# Little Help? Three ID's please... hoping they are easy...



## mserin (Jul 19, 2009)

Need a positive ID on the following:

1. - Approximately 5.5" long (eyeballing).










2. - Approximately 5.5"










3. - Approximately 5" Female... originally when I first rescued her thought she might be a lab (they were all pretty washed out) Can't figure her out with that blue on her fins....


----------



## bac3492 (Jul 25, 2008)

I would guess the first one is a elongatus type. Which one, im not sure.

Second is most likely a maingano.

Third i would guess is a famous yellow lab-red zebra hybrid.


----------



## mserin (Jul 19, 2009)

bac3492 said:


> I would guess the first one is a elongatus type. Which one, im not sure.
> 
> Second is most likely a maingano.
> 
> Third i would guess is a famous yellow lab-red zebra hybrid.


Thanks for the input.... but I'm a bit confused..... the second shot (in searching for the maingano as you suggested) states a max size of just under four inches however this guy is definitely five maybe even slightly larger.... wouldn't that put him in the Mel. Johanni group or is it possible for the Maingano to reach that size?


----------



## non_compliance (Dec 4, 2008)

is no. 2 maybe one of these?

http://www.cichlid-forum.com/profiles/s ... php?id=801


----------



## nfrost (Mar 10, 2009)

1. definitely an elongatus type. probably sp. 'elongatus orantus' or 'elongatus orantus tanzania' the former is much more common.
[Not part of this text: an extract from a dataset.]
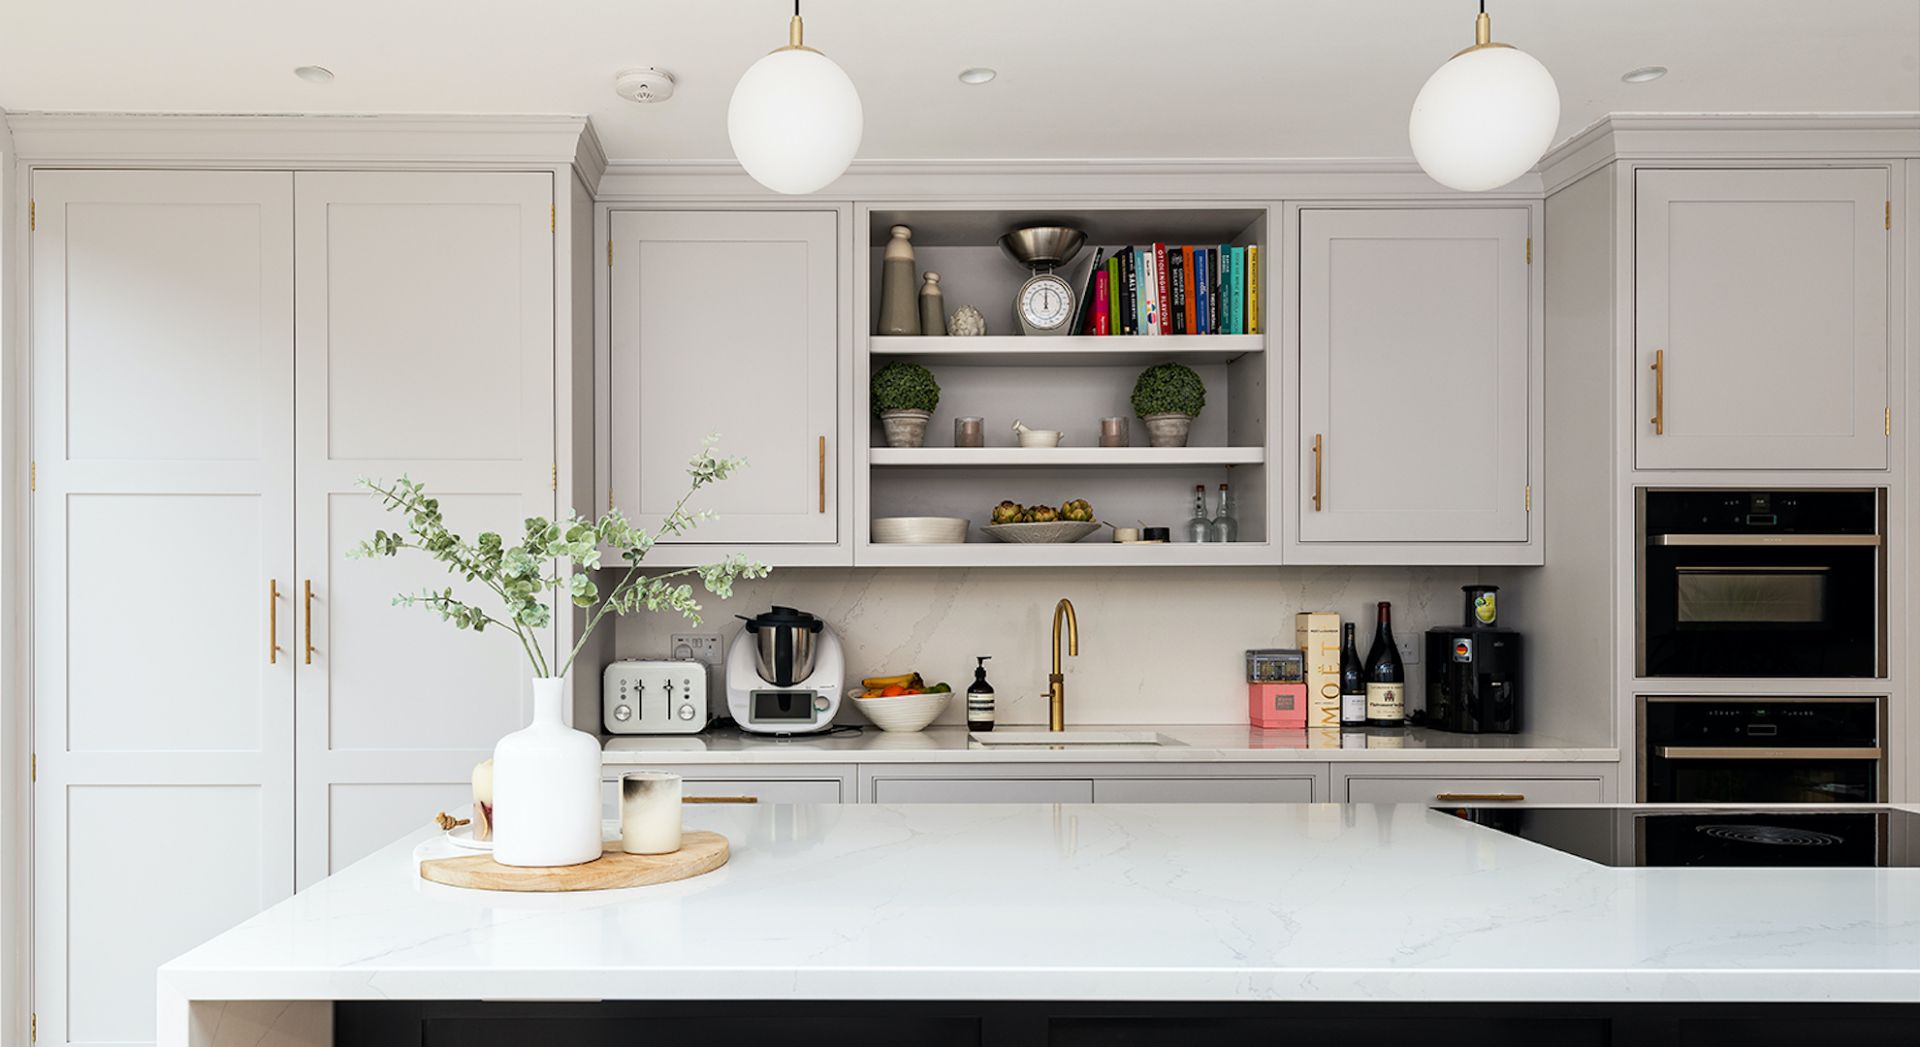 Small kitchen storage ideas: 18 ways to boost storage in a bijou space
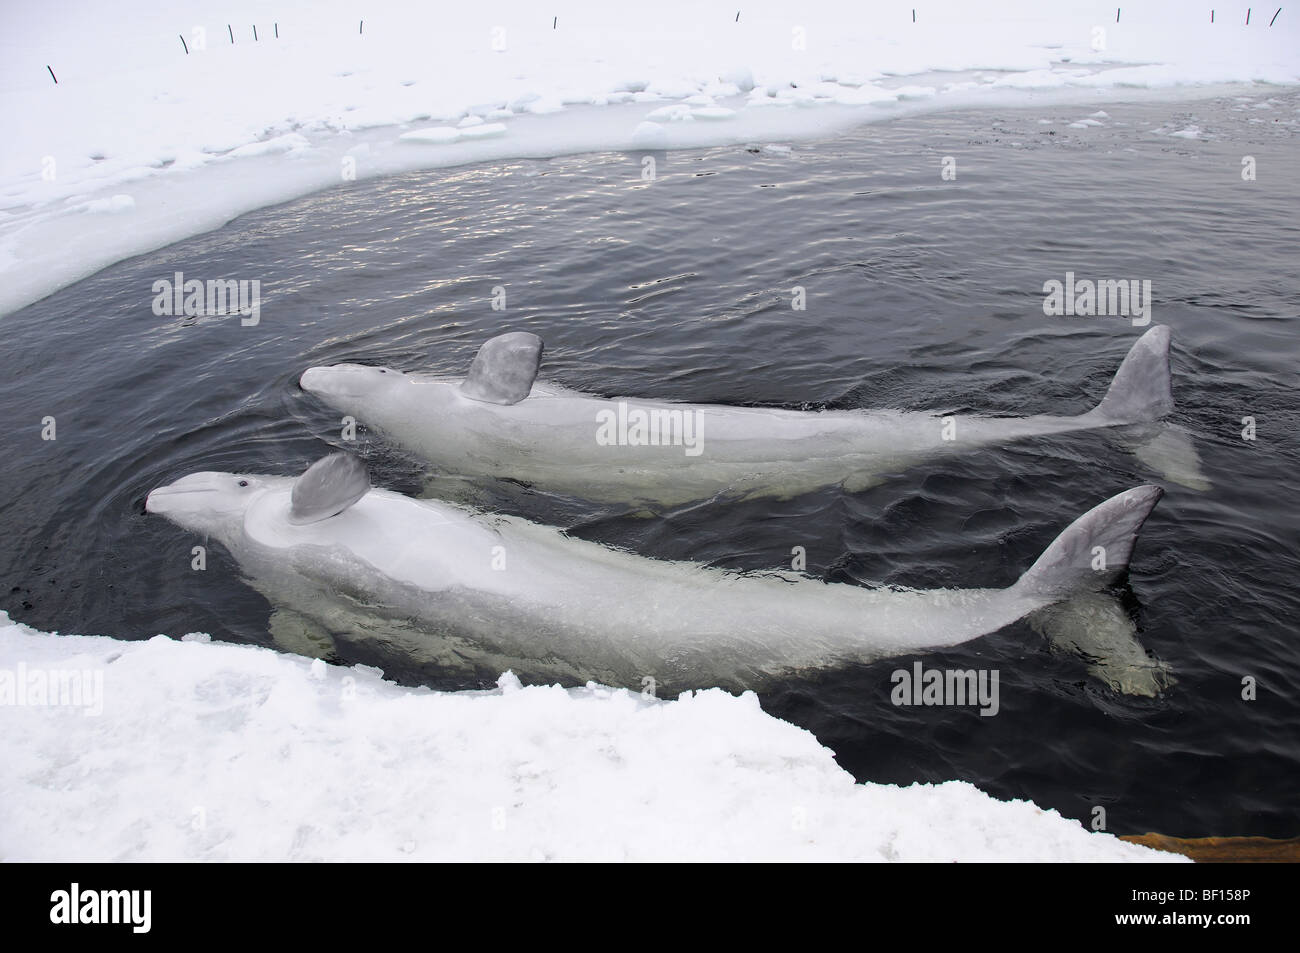 Delphinapterus Leucas, weißen Wal, Beluga, Outdoor Delphinarium Belukha, Kanarischen Meer, weißes Meer, Russland Stockfoto

2. melanochromis cyaneorhabdos (aka maingano) or johanni, but I would lean towards cyaneorhabdos

3. not a great shot but I would say as others a hybrid or _possibly_ a melanochromis female

And as far as that fish being 5" plus, fish in the aquaria grow much larger than fish in the wild. Like Pseudotropheus socolofi never grows larger than 4" in the lake, but grows somewhere around 6" in some peoples tanks.


----------



## ladybugzcrunch (Jul 26, 2009)

My guess is 
#1 is Pseudotropheus sp. "Elongatus Likoma Island" 
#2 is Melanochromis chipokae 
#3 is Metriaclima estherae/Labidochromis Caeruleus hybrid


----------



## mserin (Jul 19, 2009)

nfrost said:


> 1. definitely an elongatus type. probably sp. 'elongatus orantus' or 'elongatus orantus tanzania' the former is much more common.
> 
> 2. melanochromis cyaneorhabdos (aka maingano) or johanni, but I would lean towards cyaneorhabdos
> 
> ...


You seriously rock! I found pics of Mel. Johanni female and her coloring is just right even with the blue highlights on her fins, as seen here:










Maybe I can catch a better shot of her .... where you can see the full shape  Thanks so much!


----------



## noki (Jun 13, 2003)

Does that Yellowish female have a pointed mouth like a Labidochromis or a mouth like a Johanni. It is hard to tell from the pic. Yes, a female Johanni can be a washed out yellowish color but I'm not sure.

the first fish is Elongatus Ornatus (Likoma) male. I'm not sure which genus it is in, but might still be in Pseudotropheus still even thou they changed alot of the fish.

the second is not a Chipokae and is definately a Johanni type. Was he ever yellow-orange?


----------



## nfrost (Mar 10, 2009)

the 'elongatus orantus' and 'e orantus tanzania' are both still classified as pseudotropheus. yeah, a much better shot of the front of her and it will be pretty obvious if she is a labido/metria hybrid or a melano species.


----------



## Schneider (Jul 27, 2009)

One of my books has a fish that looks similiar to number 1. It lists it as Pseudotropheus sp. undescribed to date. Barring was more intense towards the front of the fish, just like your fish. Cool looking fish regardless of what it is.


----------



## mserin (Jul 19, 2009)

Here is a better pic of her head..... She's holding right now so hoping that it's still decipherable:










Noki: These were a rescue, so I don't know what they looked like when they were smaller unfortunately 

Thanks so much for all the help everyone! I truly appreciate it.


----------



## nfrost (Mar 10, 2009)

its is very hard to say for sure, if that melanochromis bred with her it might be interesting to keep some fry, but if I were to put money on it I would say that the melanochromis is probably a cyaneorhabdos and that female is probably a hybrid as both cyaneorhabdos and a esthrae/lab hybrid are more common than a johanni (at least around me), but it is possible that you do have a pair of johannis. idk.


----------



## mserin (Jul 19, 2009)

johanni's are easy to get here (I am the manager at a LFS and bring them in all the time  ) Still being that these are rescues there's always a chance they aren't true.... Course having spoken with the previous owner within the last couple of days it seems I'm lucky as the previous owner purchased them from my store several months ago, and I know our supplier well enough to know they don't sell hybrids :dancing: Looks like I will have to call them up for a few more females if my male is getting frisky :dancing: Too bad she swallowed (or spit who knows.... but she's not holding any longer..... I now have another holding)


----------